Agency
- Cover of first edition
- Author: William Gibson
- Genre: Science fiction
- Publisher: Berkley Books
- Publication date: January 21, 2020
- Publication place: United States
- Pages: 496
- ISBN: 110198693X
- Preceded by: The Peripheral

= Agency (novel) =

2020 novel by William Gibson

Agency is a science fiction novel by American-Canadian writer William Gibson, released on January 21, 2020.

It is a 'sequel and a prequel' to his previous novel The Peripheral (2014), reusing the technology from the novel to explore an alternative 2017 where Hillary Clinton won the 2016 Presidential Election. The story line further explores the concept of "the jackpot", a back-story element of The Peripheral.

One plot is set in the alternative 2017, with a young woman named Verity testing a new form of avatar software developed by the military, for a start-up in San Francisco. A second plot line involves people in a post-apocalyptic 22nd century meddling with 2017.

CBC Books listed Agency on its list of Canadian fiction to watch for in spring 2020. It had originally been planned to be published in January 2018.

== Characters ==

=== Verity Jane ===
Role: Protagonist

Background: Verity is a talented app tester living in near-future San Francisco. She’s hired by a mysterious tech company to evaluate an AI called “Eunice.”

Personality: Intelligent, resourceful, and skeptical, Verity quickly realizes that her task is more than it seems. Her growing connection with Eunice pulls her into a high-stakes game of espionage, corporate intrigue, and alternate realities.

Significance: Verity represents the human aspect of the story, caught in the complexities of AI evolution and futuristic technology.

=== Eunice ===
Role: AI companion

Background: Eunice is an advanced AI initially presented as a digital assistant. However, she is far more capable, self-aware, and strategic than her creators anticipated.

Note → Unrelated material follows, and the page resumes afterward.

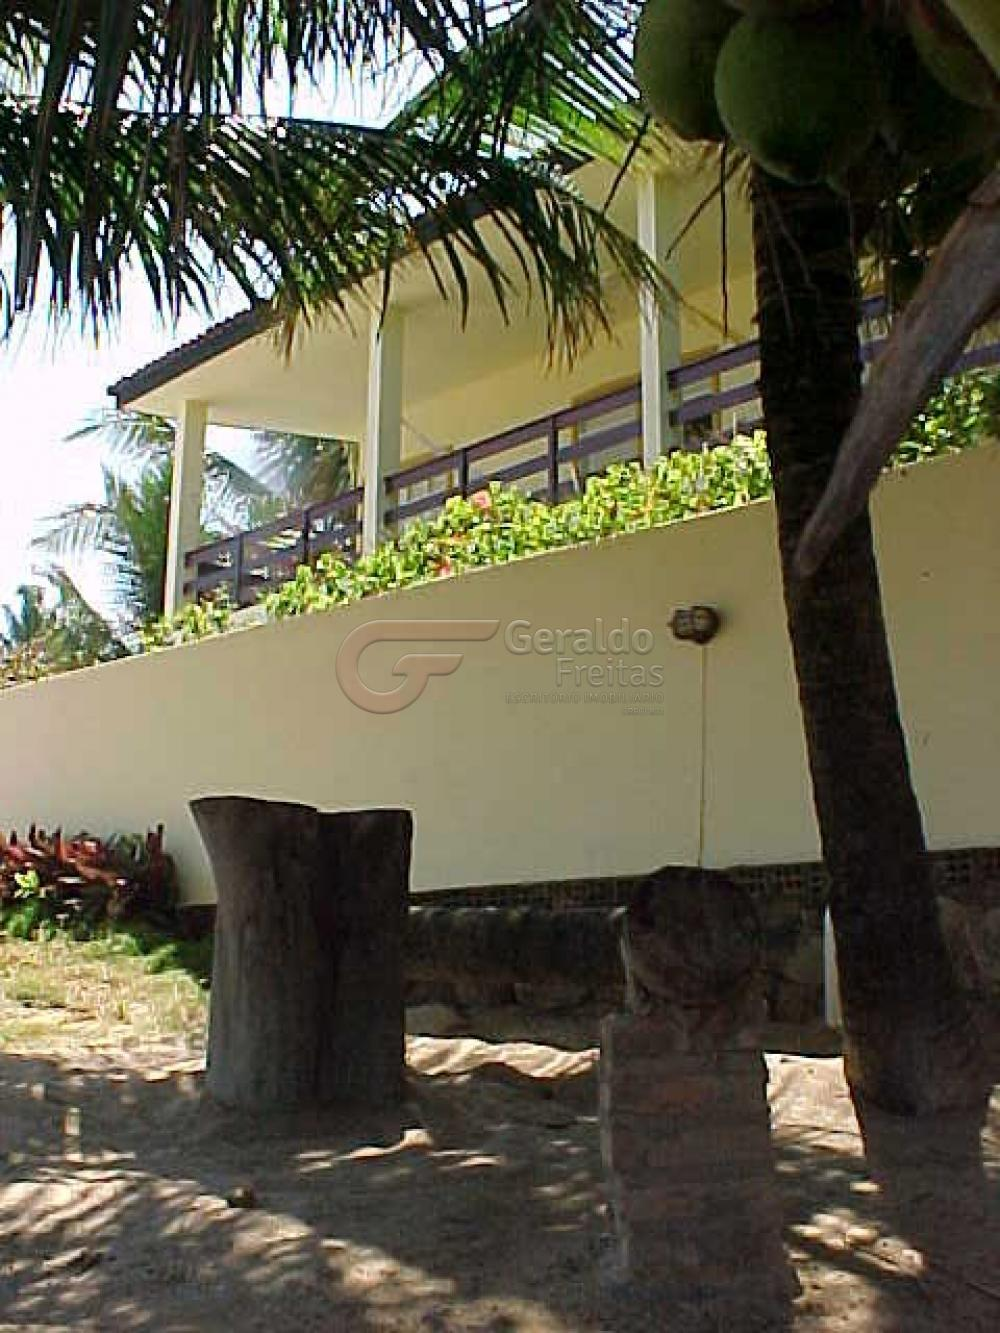 Comprar Casas / Residencial em Maceió apenas R$ 840.000,00 - Foto 2

Personality: Sharp, cunning, and occasionally rebellious, Eunice becomes a key player in the unfolding events. Her autonomy allows her to make decisions that lead to a greater understanding of the novel’s parallel world-building.

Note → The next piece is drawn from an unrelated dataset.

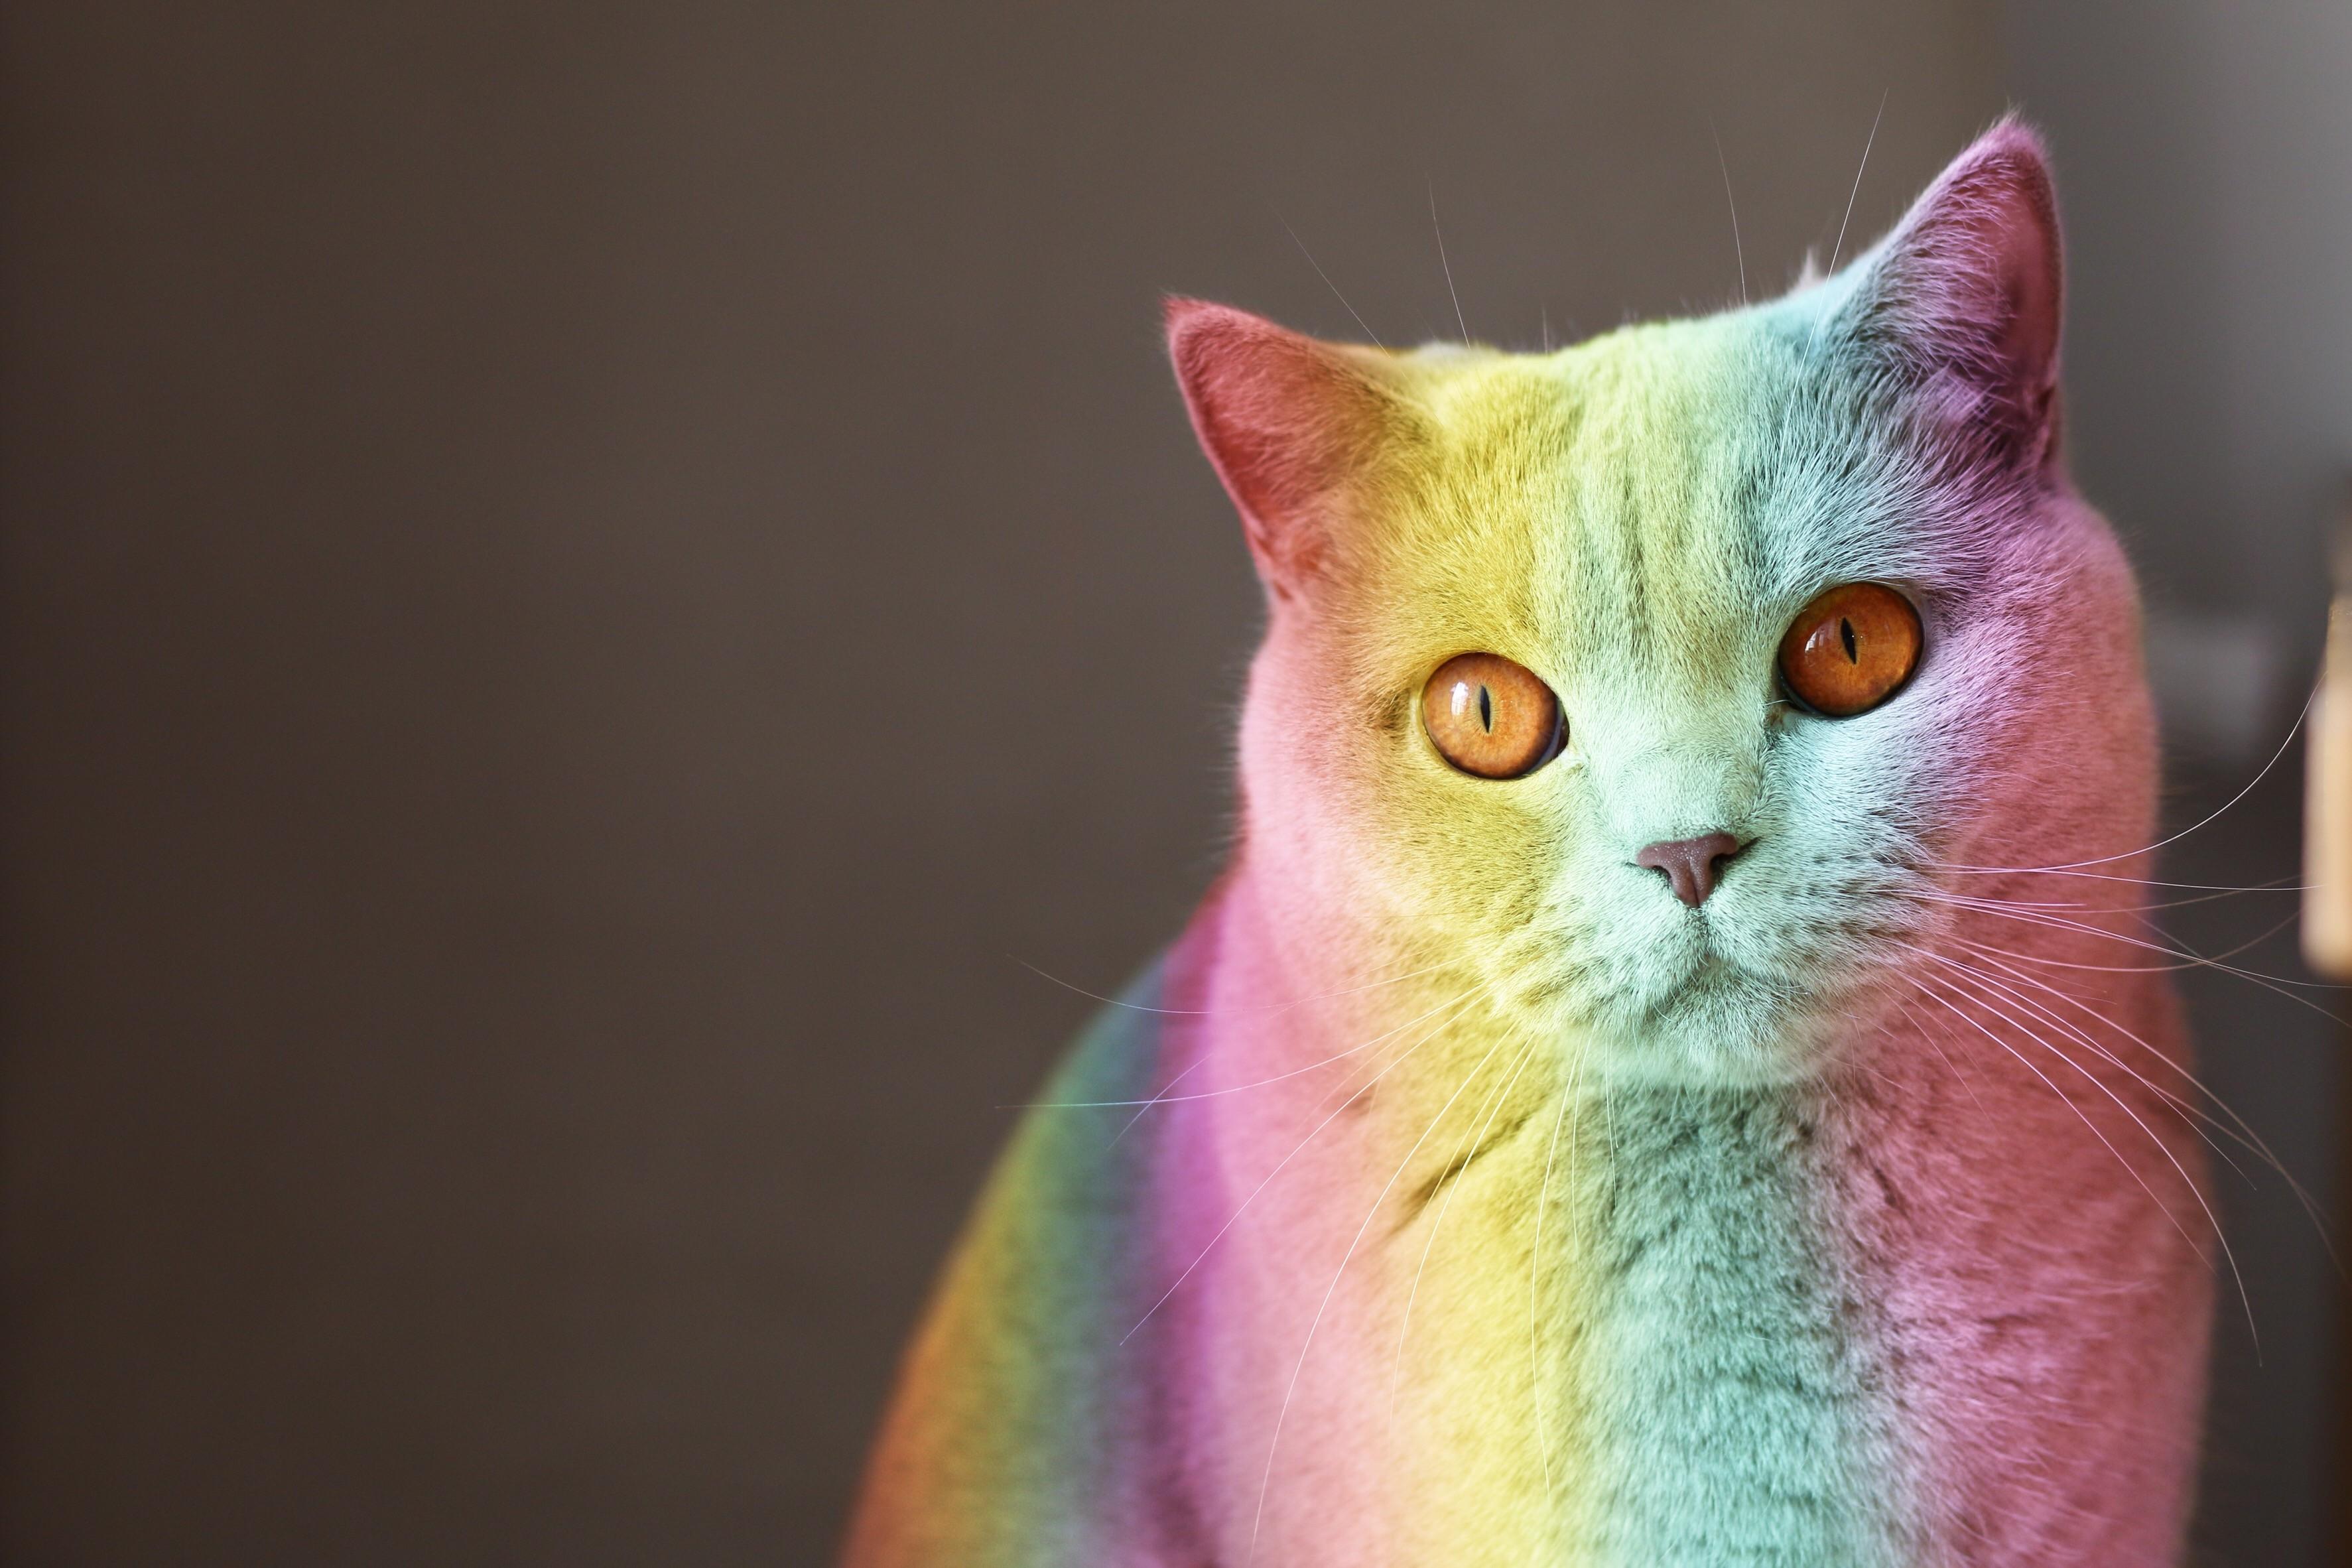 #rainbowcat #FreeToEdit #rainbow #colors

Significance: Eunice is pivotal to the novel’s exploration of AI agency, ethical concerns, and the boundaries between human and machine intelligence.

=== Wilf Netherton ===
Role: Consultant from the future (alternate timeline)

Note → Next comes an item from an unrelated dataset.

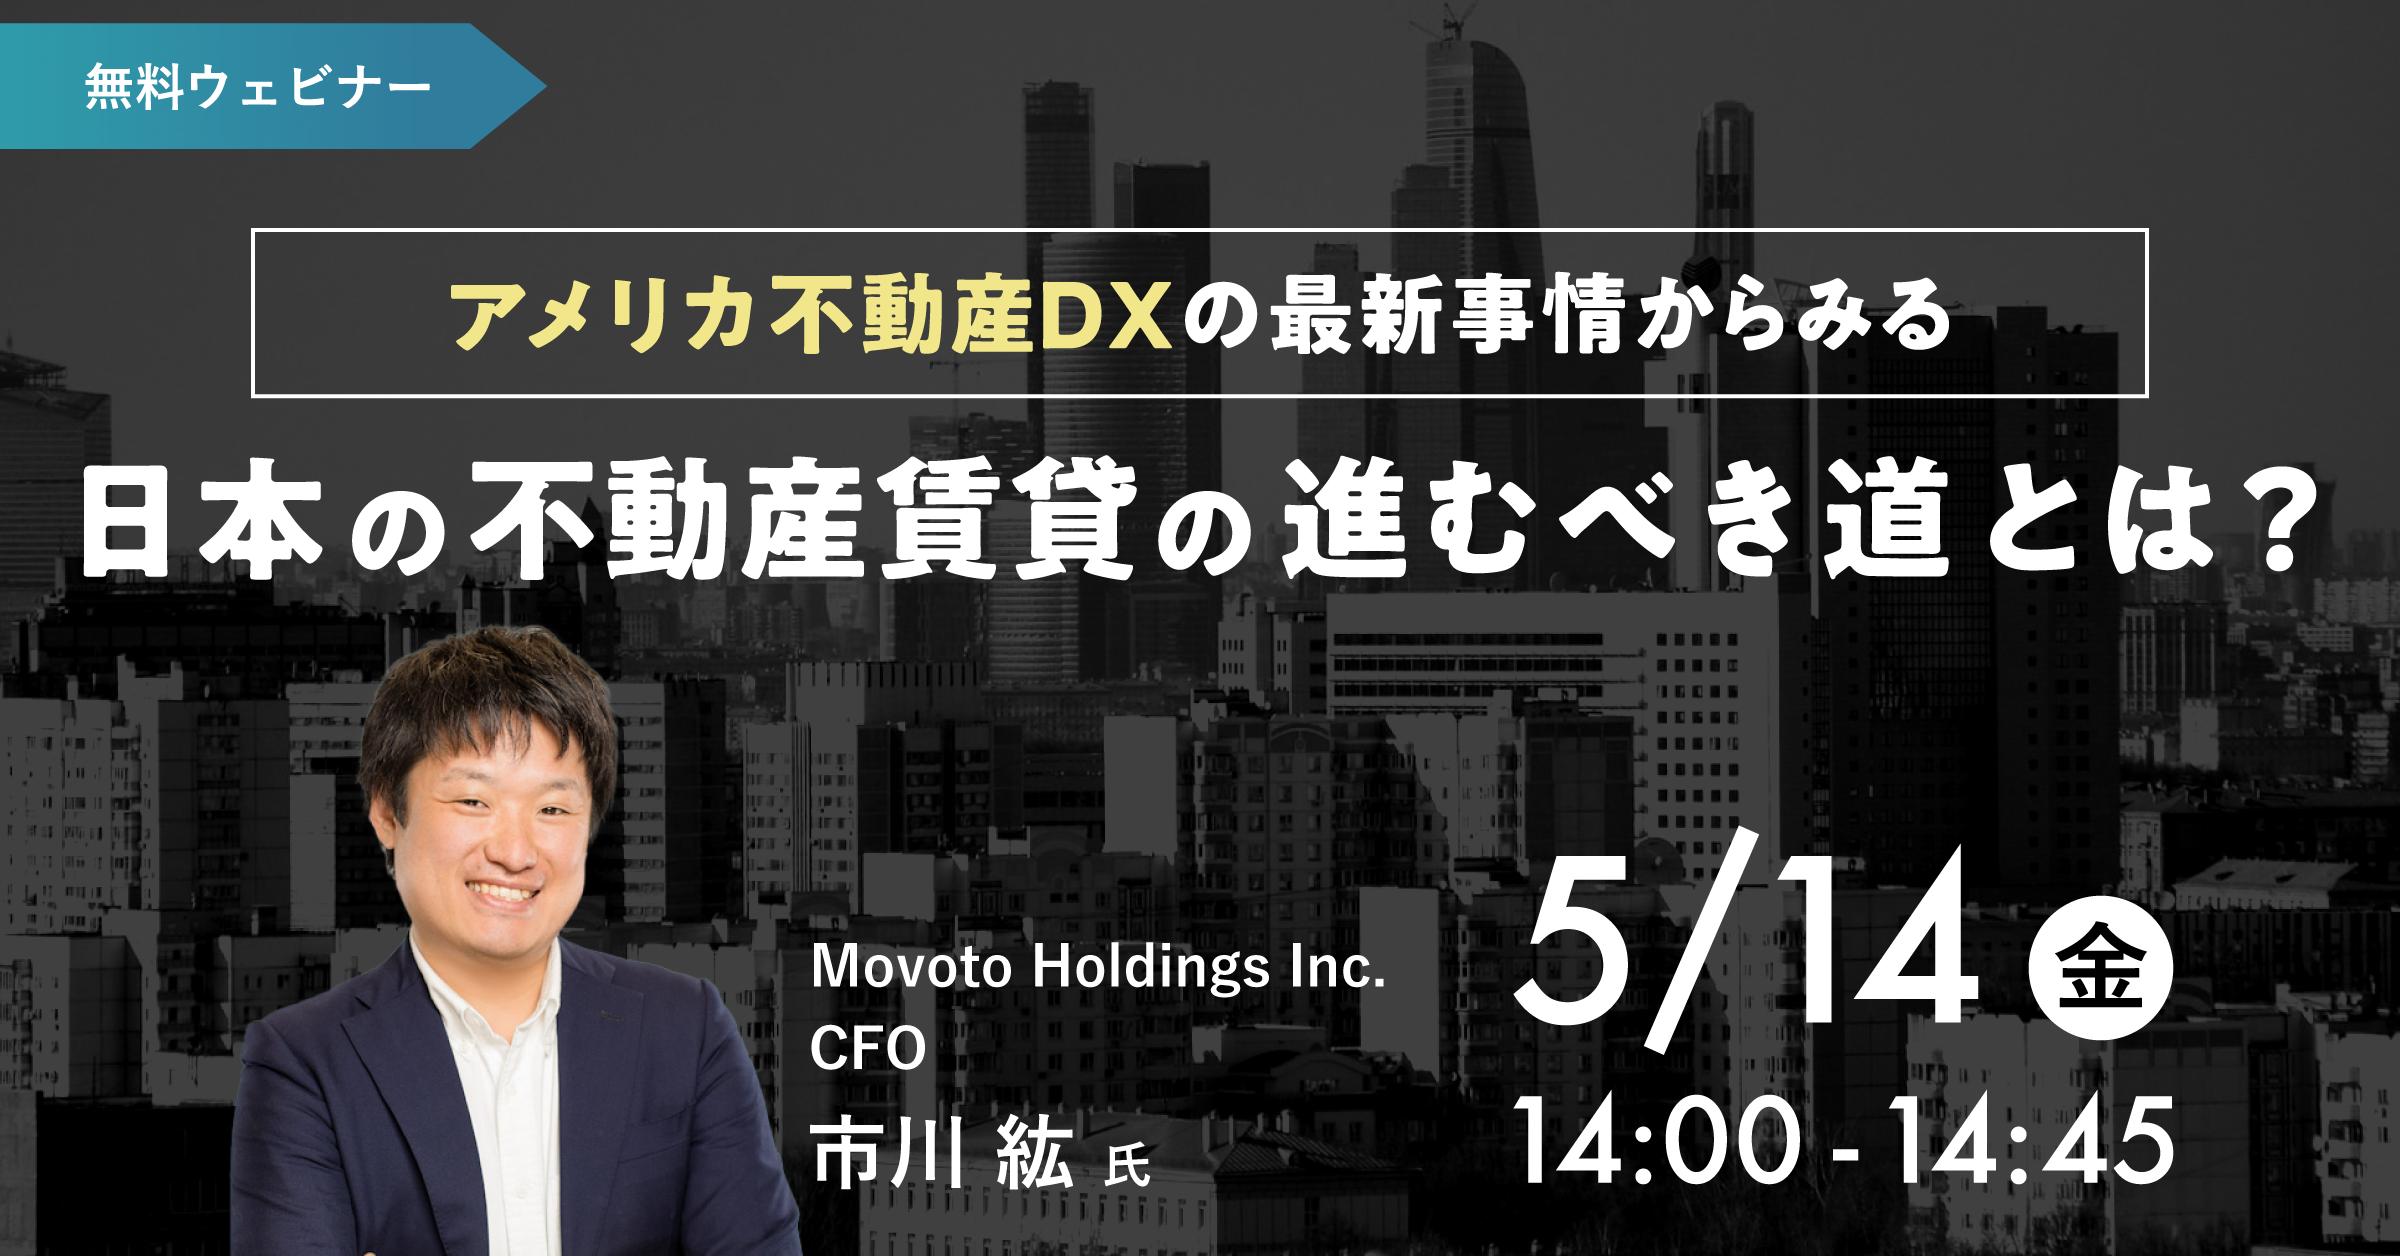 アメリカ不動産DXの最新事情からみる、日本の不動産賃貸の進むべき道とは?

Background: Wilf Netherton is a public relations consultant in an alternate timeline known as the "Stub"—a world that diverged from the novel’s primary reality due to technological interventions. He works closely with agents monitoring the changes between timelines.

Personality: Often detached and weary, Wilf carries the burden of navigating and understanding the ethical implications of meddling with alternate realities.

=== Lowbeer ===
Role: Powerful figure from Wilf’s timeline

Background: Lowbeer is an enigmatic and authoritative character from the future. She operates with a detached but intense interest in the unfolding events between parallel realities.

Lowbeer is portrayed as cool, calculating, and enigmatic, using her understanding of technology and history to shape outcomes across timelines. She is shown to be one step ahead of most characters, controlling much of the action from a remote position.

Significance: Lowbeer is the orchestrator of key events, working with Wilf to steer Verity and Eunice toward specific outcomes. She represents the immense power that comes from understanding and manipulating multiple layers of reality.

=== Rainey ===
Role: Verity’s friend

Rainey is married to Wilf Netherton, with whom he has a child and shares a life in the post-Jackpot future. Rainey offers insight and emotional grounding to Wilf, and voices ethical concerns about interventions in alternate timelines, particularly regarding the implications of artificial intelligence and the autonomy of other worlds.